Saeed Sadia, Sagatys Elizabeth, Morgan Michael B
Department of Pathology, University of South Florida College of Medicine, Florida, USA.
J Cutan Pathol. 2006 Oct;33(10):679-85. doi: 10.1111/j.1600-0560.2006.00530.x.
The differential diagnosis of acral keratoses is broad. Encompassing a variety of infectious, heritable and degenerative disorders, emphasis upon the clinical setting and histologic subtlety are often required to arrive at the correct diagnosis. Herein, we report on a series of adult patients who presented with agminated or solitary papules of the distal finger found on histologic examination to contain amorphous eosinophilic deposits.

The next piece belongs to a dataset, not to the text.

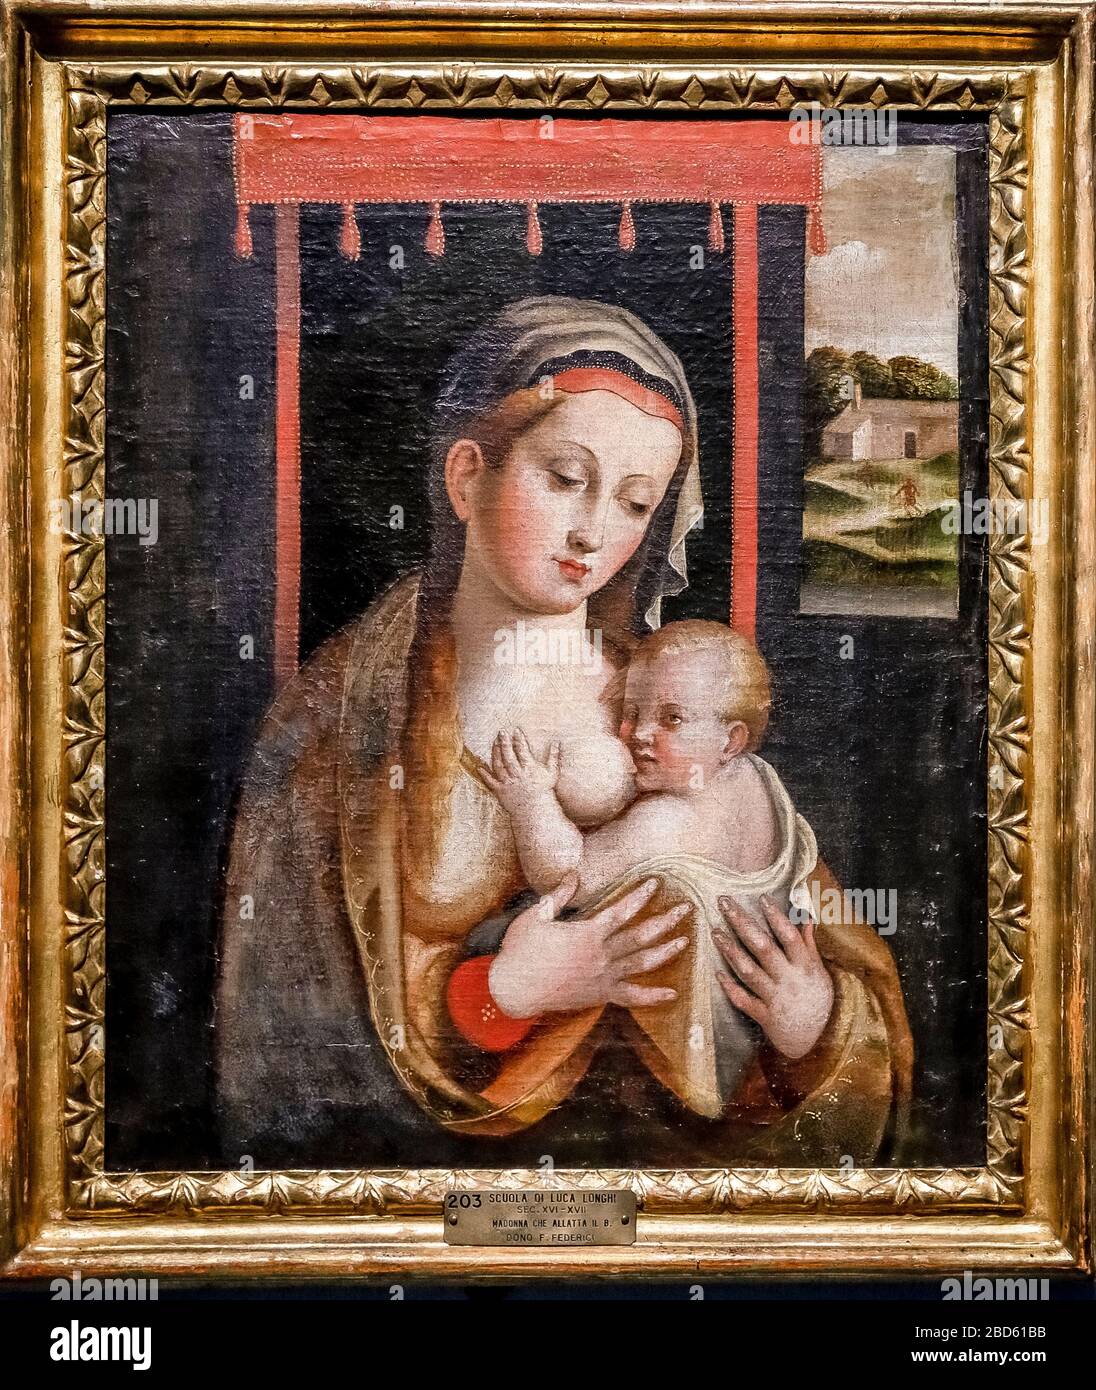 Italie Lombardie - Cremona - Musée civique - Ala Ponzone' - Barbara Longhi: Madonna et enfant, Madonna du lait Banque D'Images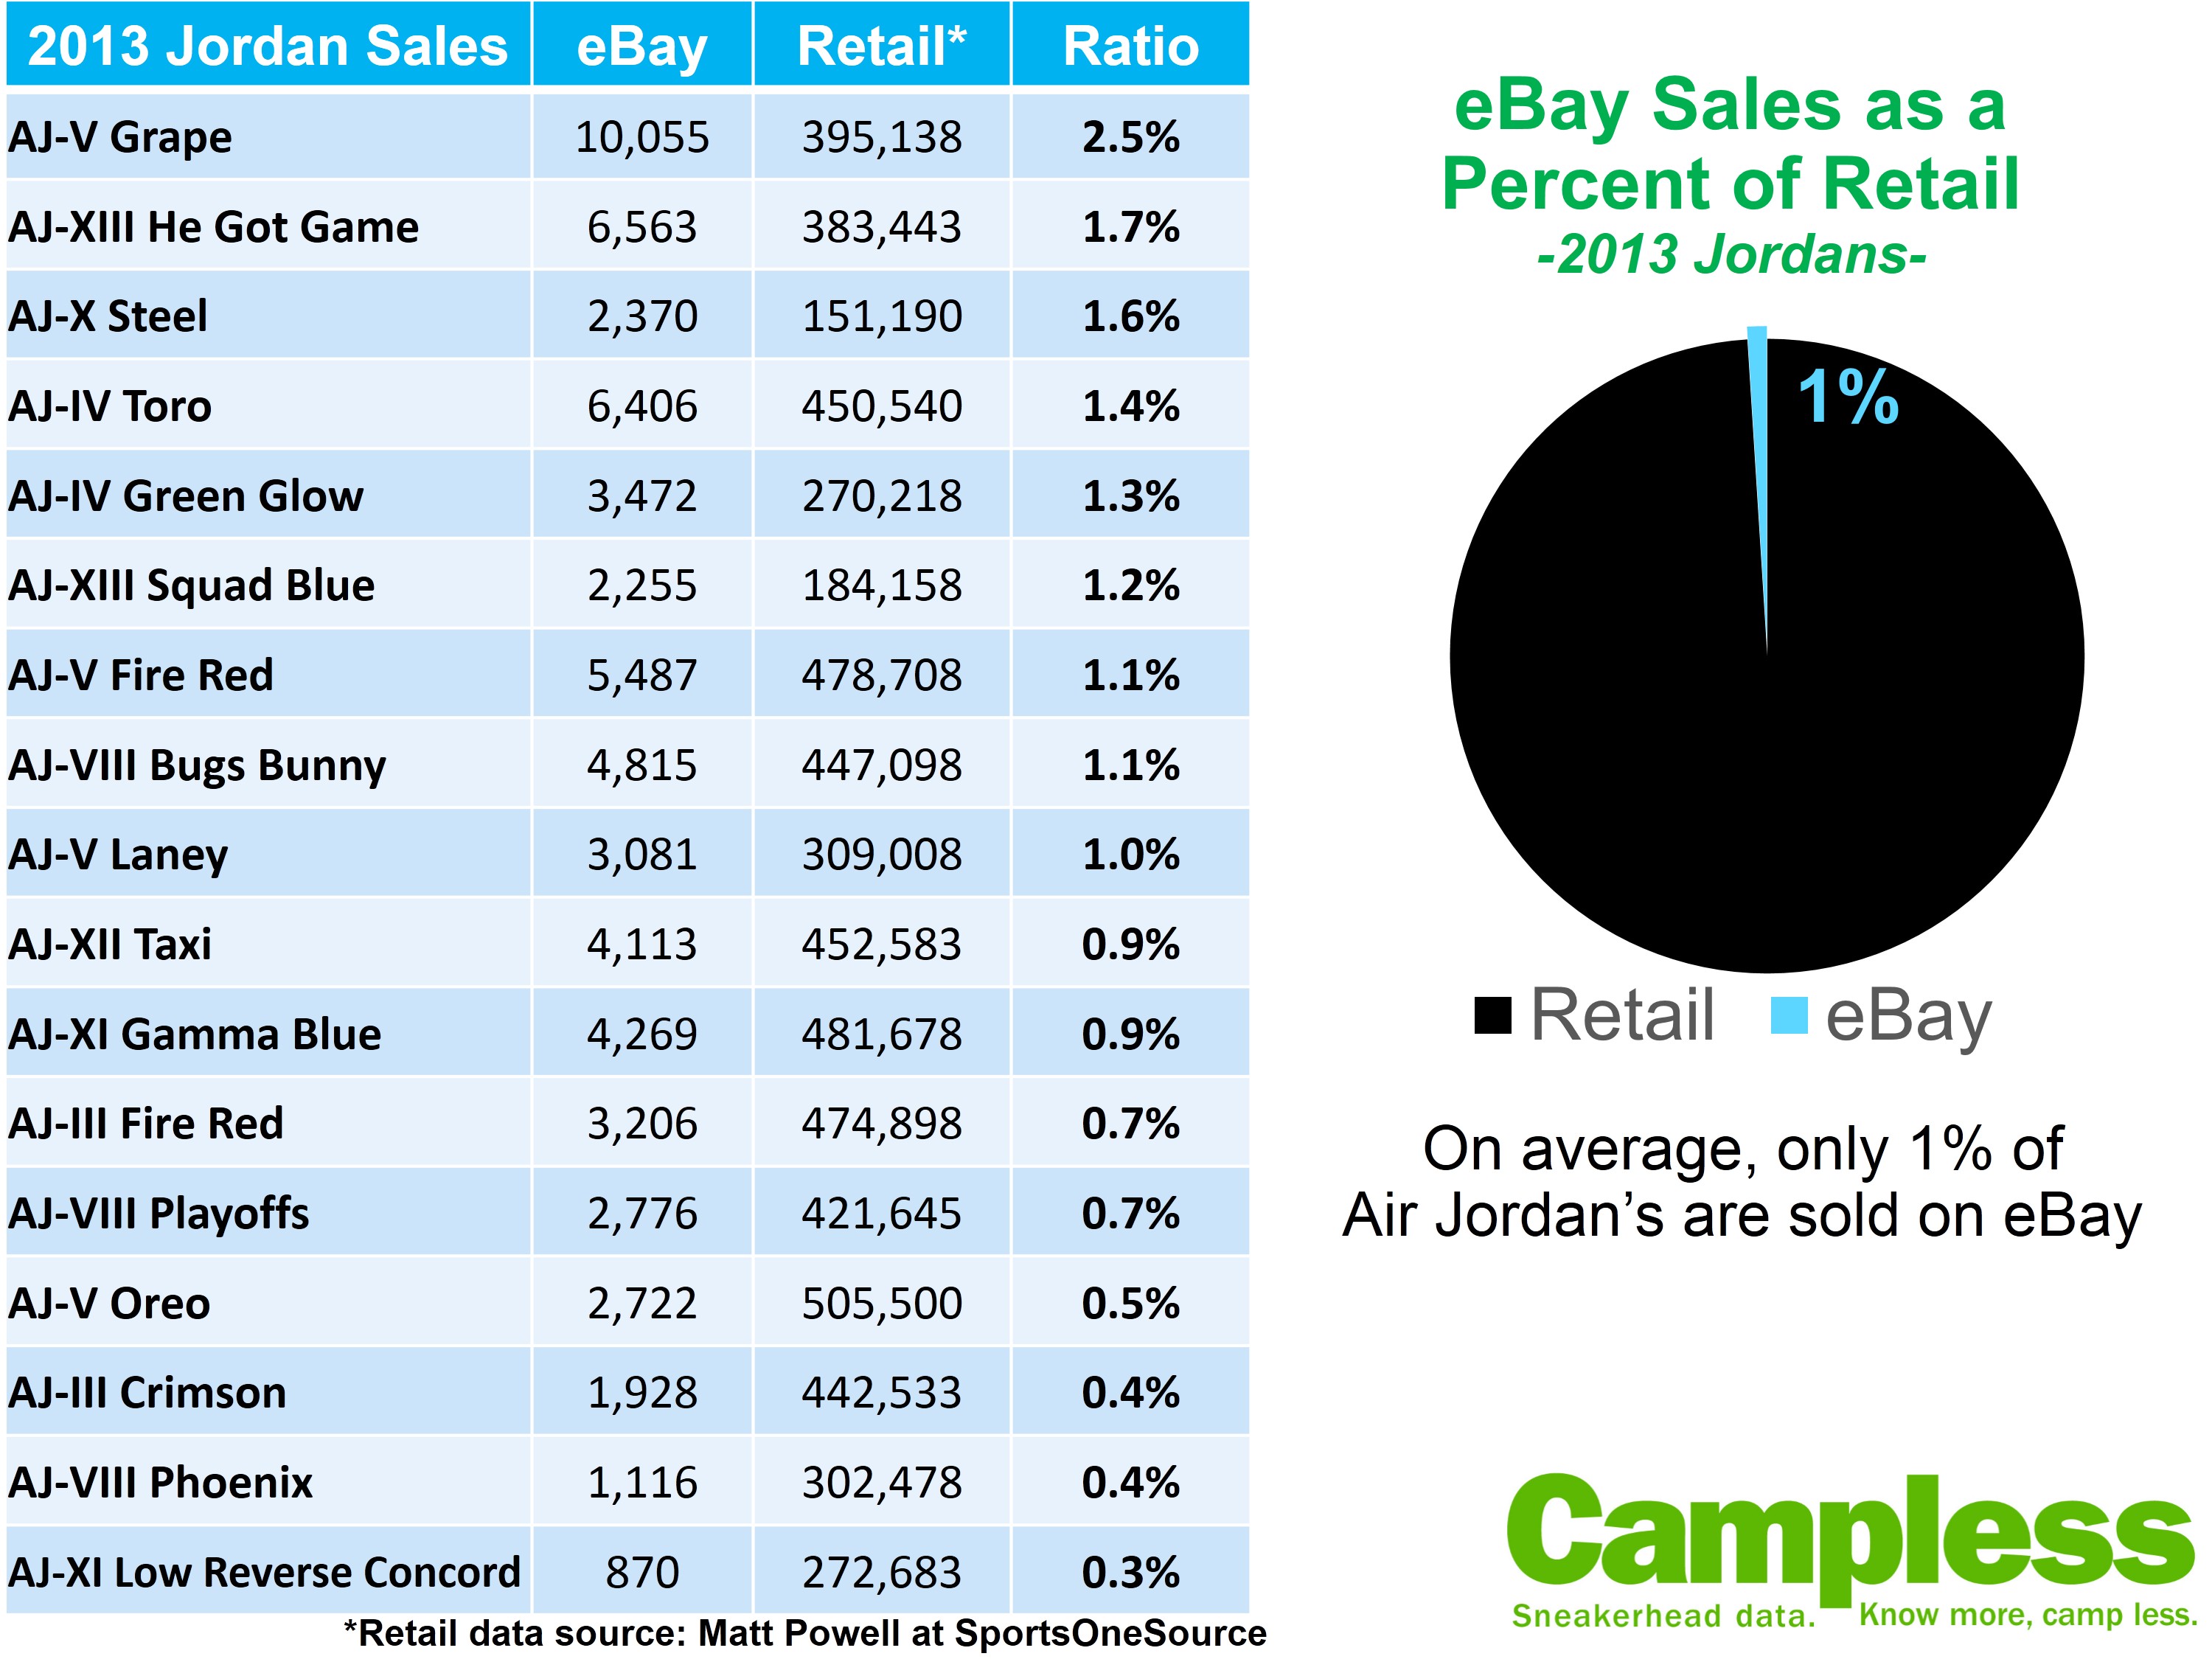 Only 1% of Jordans end up on eBay

The eosinophilic deposits were found in close proximity to the overlying epithelium and devoid of apoptotic keratinocytes, plasma cells, or vascular thickening reminiscent of amyloidosis or hyalinosis cutis. Special and immunostains yielded eosinophilic material that was elastin and Protein P negative. Despite a similar histomorphologic appearance to colloid milium, typical clinical features of this entity were not present.
The etiologic significance of this condition is unknown. Potential sources of the material and a discussion of the differential diagnosis follow.
肢端角化病的鉴别诊断范围广泛。它涵盖了多种感染性、遗传性和退行性疾病,通常需要重视临床背景和组织学细微特征才能得出正确诊断。在此,我们报告一系列成年患者,其手指末端出现簇状或孤立性丘疹,组织学检查发现含有无定形嗜酸性沉积物。
嗜酸性沉积物位于上皮层附近,不存在凋亡角质形成细胞、浆细胞或血管增厚,这与淀粉样变性或皮肤透明变性不同。特殊染色和免疫染色显示嗜酸性物质对弹性蛋白和蛋白P呈阴性。尽管组织形态学外观与胶样粟丘疹相似,但该疾病并无典型临床特征。
这种情况的病因学意义尚不清楚。随后将讨论该物质的潜在来源及鉴别诊断。